MassBank / MassBank-data

Official repository of open data MassBank records
74 stars 59 forks source link

Duplicated records #53

Open Treutler opened 5 years ago

Treutler commented 5 years ago

I just stumbled over two records, which seem to be duplicates. Meta data as well as the spectrum is exactly the same. https://massbank.eu/MassBank/RecordDisplay.jsp?id=TY000228&dsn=Univ_Toyama https://massbank.eu/MassBank/RecordDisplay.jsp?id=TY000237&dsn=Univ_Toyama Maybe it is worth to search MassBank globally for such cases. I guess we will have to contact the contributors in any case.

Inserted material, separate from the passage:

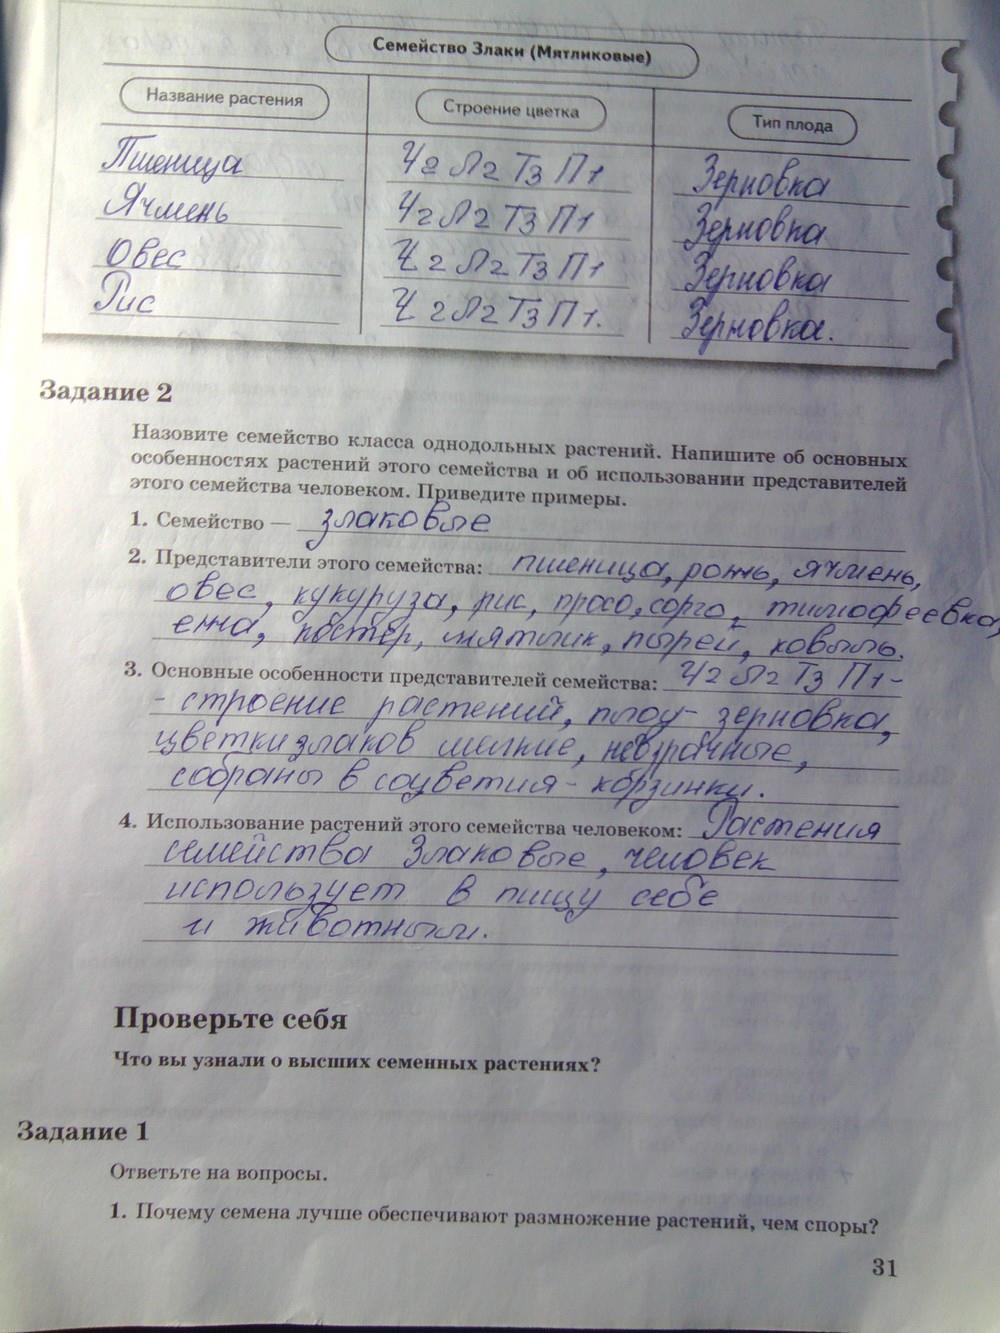 гдз 6 класс рабочая тетрадь часть 2 страница 31 биология Пономарева, Корнилова

How to tackle this? I suggest to introduce a "DEPRECATED" tag for records which are duplicated (this issue) or noisy (e.g. #51) or otherwise erroneous (#9).

schymane commented 5 years ago

Yes to a DEPRECATED tag ... I think this will help us keep the record IDs live but communicate beyond COMMENT that there is an issue.... if we hide this in COMMENT tags information will get lost as several records have several COMMENTs

We should do a global check for duplicates, I found some UF cases that are likely duplicates too: Butylparaben UF4158 records and UF4234 records? I did not do a 1:1 match, but they were flagged by Oberacher and have identical "scores" in his results .. You can check by SPLASH?

I am going to comment some validation suggestions on the Validator issue shortly ...